3.   Cufflinks to test for differential expression


Cufflinks "assembles transcripts, estimates their abundances, and tests for differential expression and regulation in RNA-Seq samples."   The input to cufflinks is a SAM-formatted text file.   This file must be sorted by the reference position (chromosome, then start position in that chromosome).   If you have used Tophat to create this file it is already sorted correctly.   Otherwise see the Cufflinks site for directions on how to sort it.

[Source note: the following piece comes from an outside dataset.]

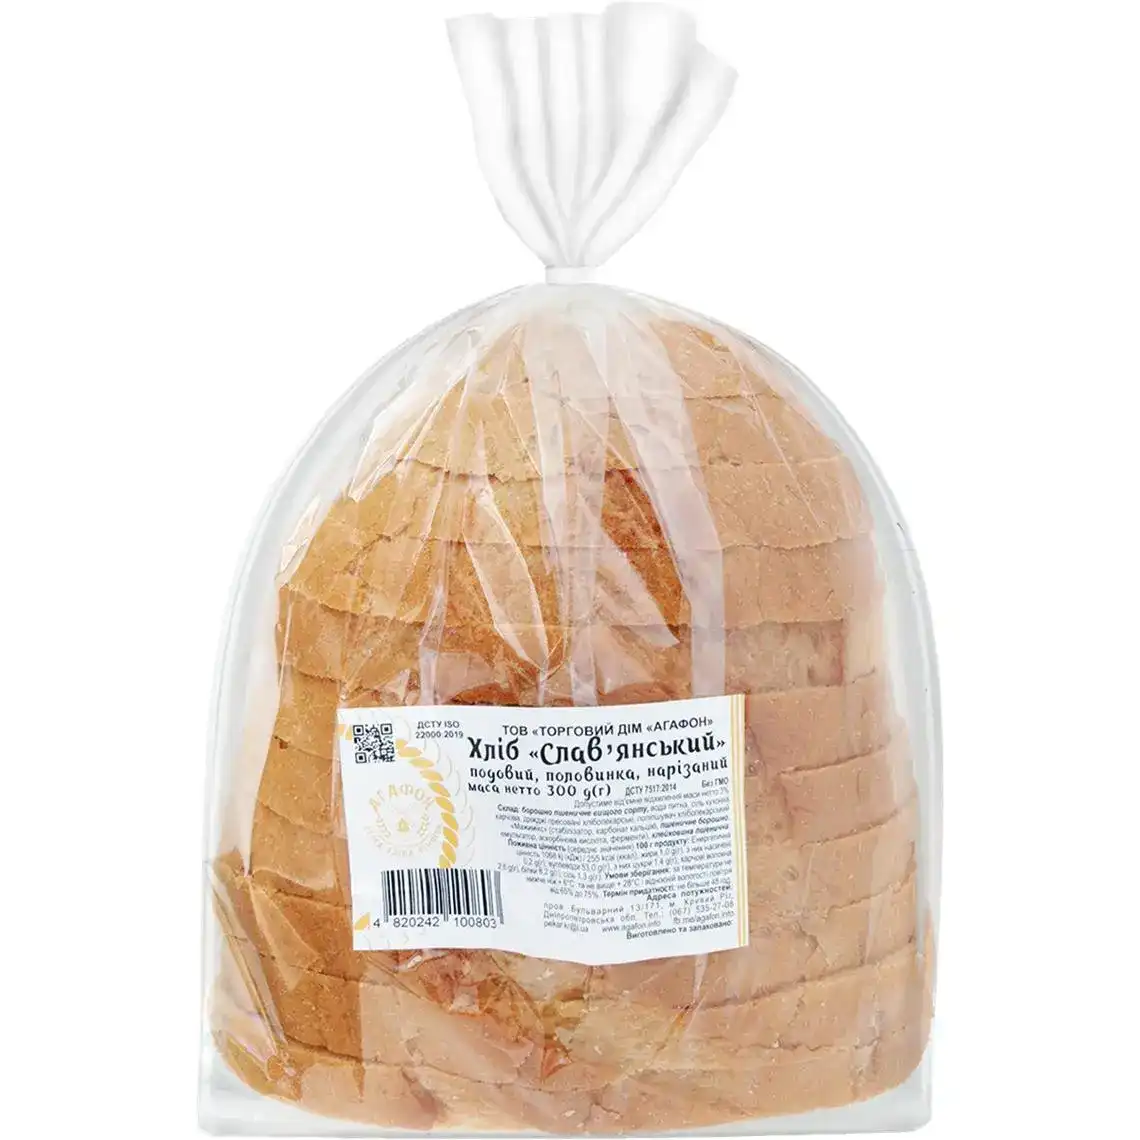 Хліб Агафон Словянський пшеничний нарізний 300 г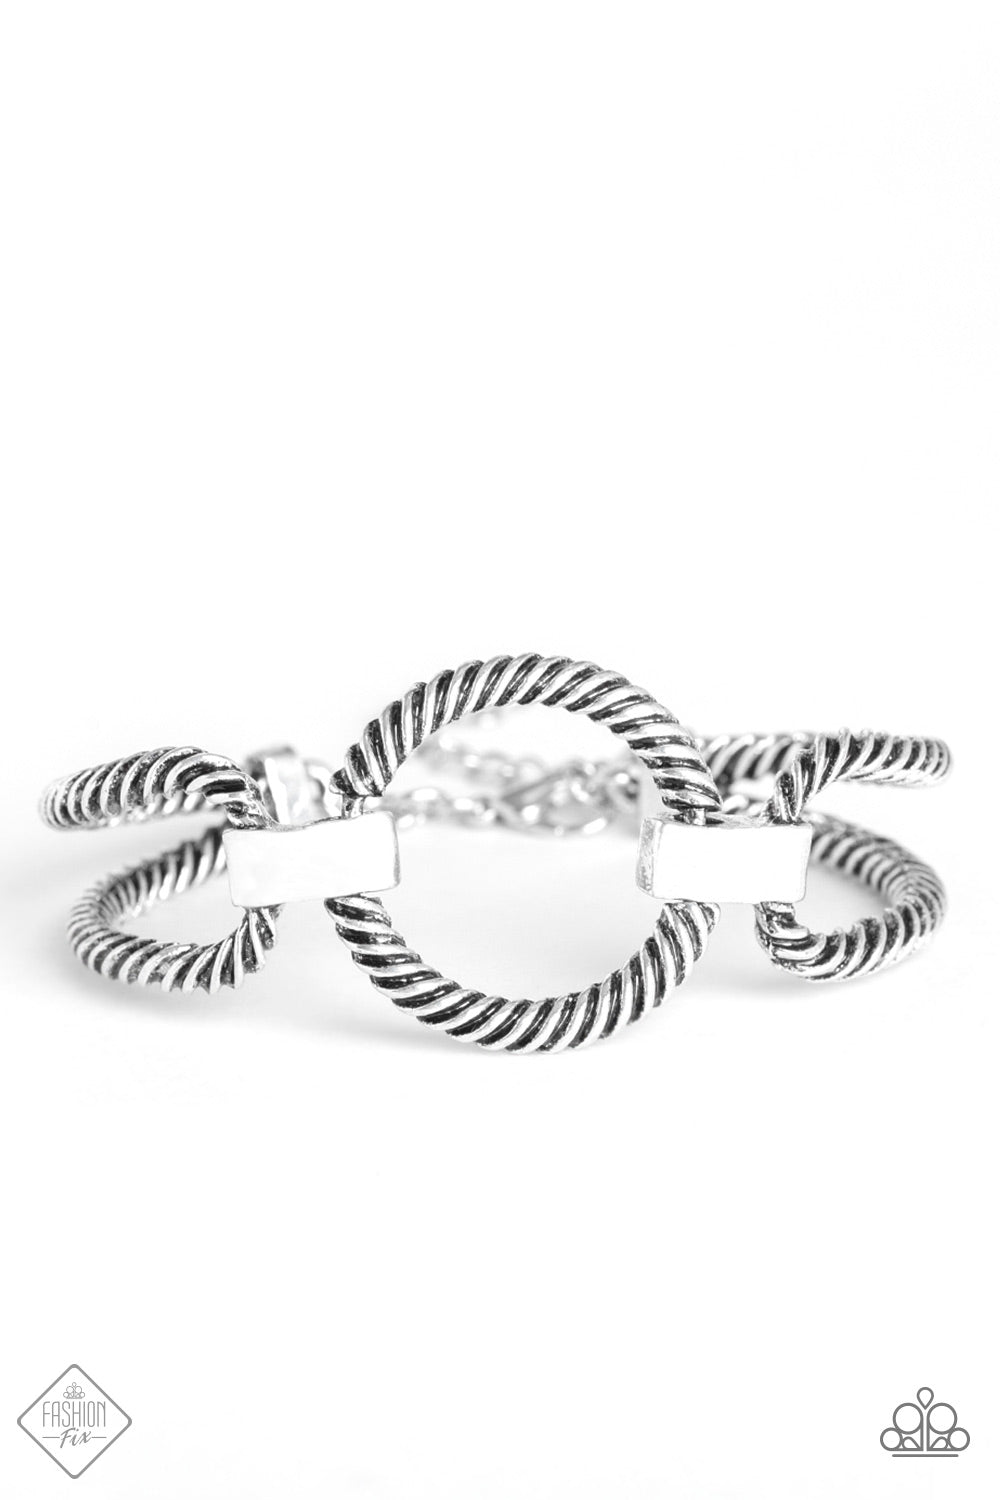 Desert Cat - Silver bracelet

Here is a script that will execute cufflinks:

#BSUB -J RunCufflinksOnMaizeRNASeq
#BSUB -o RunCufflinksOnMaizeRNASeq.o%J
#BSUB -e RunCufflinksOnMaizeRNASeq.e%J
#BSUB -n 4
#BSUB -R "span[hosts=1];rusage[mem=5500]"

cufflinks -p 4 aligned_reads.sam
where the aligned_reads.sam file is one of the outputs of tophat that is in the SAM format.   Note that the -p flag and the #BSUB -n 4 line are again referring to the number of cores to use and that the maximum is 4.

Cufflinks produces three output files, transcripts.gtf, transcripts.expr, and genes.expr.   The cuffcompare program takes multiple .gtf files as input to track changes in transcripts across experiments, and can be used to compare your transcripts to a reference genome.